With respect to the first factor, the Fourth Circuit concluded that the evidence clearly showed that the Captains’ primary job duty was responding to emergency calls. The Captains could not refuse to respond to an emergency call; and, fighting fires was more important than any of the Captains’ non-firefighting duties.
As for the second factor, the Fourth Circuit held that there was little evidence in the record to support that the Captains’ duties largely consisted of exempt managerial work. The Captains’ unrebutted deposition testimony showed that the Captains worked approximately 2600 hours per year, but spent less than 25 of those hours on management tasks. Moreover, to the extent the Captains performed tasks such as submitting annual evaluations, reporting infractions, and confirming changes to policies, the Fourth Circuit deemed such tasks as largely “ministerial in nature.” The Captains did not have any responsibility for “the kind of specific high-level management tasks ordinarily associated with executives or administrators” such as planning and controlling a budget, selecting new employees, and settings rates of pay and hours of work.
The Fourth Circuit was also unpersuaded that the County produced sufficient evidence to satisfy the third and fourth factors of the primary duty inquiry. The evidence showed that the Captains were not relatively free from direct supervision; and, the County did not present any evidence of a significant gap in pay between the Captains’ salary and the wages paid to other employees for performing the same firefighting work.

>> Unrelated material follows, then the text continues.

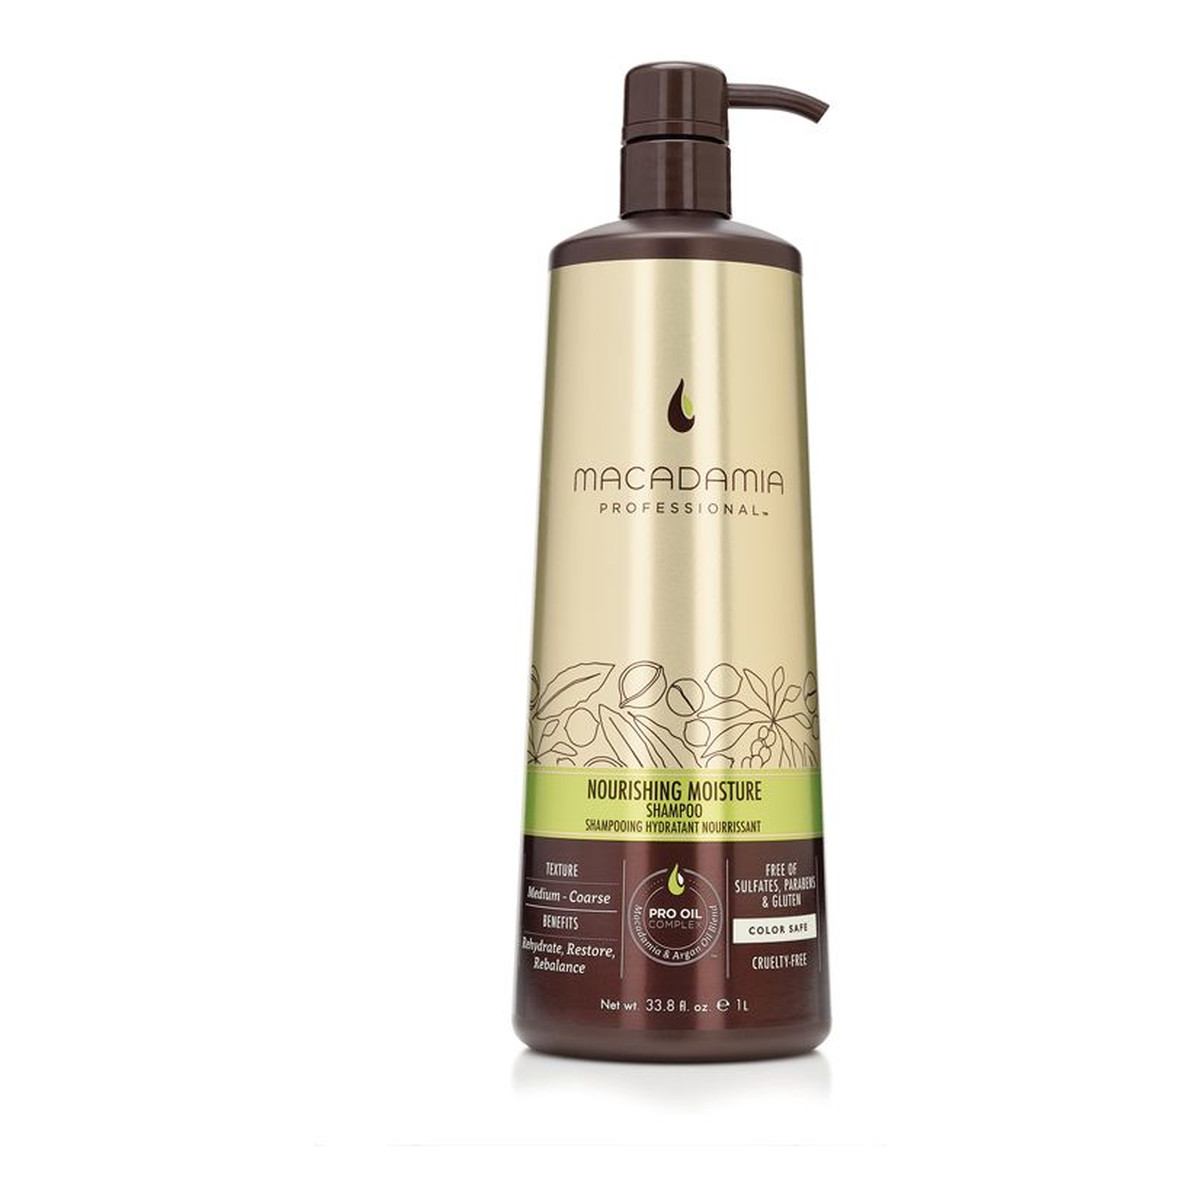 Macadamia Professional Professional Nourishing Moisture szampon do włosów suchych 1000ml

Takeaway: As reflected in the Fourth Circuit’s opinion in Morrison, the applicability of an exemption requires an intensive analysis of the record and an employer faces the substantial burden of proving its position by clear and convincing evidence. While the Fourth Circuit (which hears appeals from the nine federal district courts in Maryland, Virginia, West Virginia, North Carolina, and South Carolina, as well as from federal administrative agencies) is traditionally regarded by many as a “pro employer” forum, the Morrison decision is certainly a victory for law enforcement, fire fighters, and other first responders. It will be interesting to see how federal district courts within the Fourth Circuit apply Morrison to “blue collar” workers and “manual” laborers in FLSA exemption cases moving forward.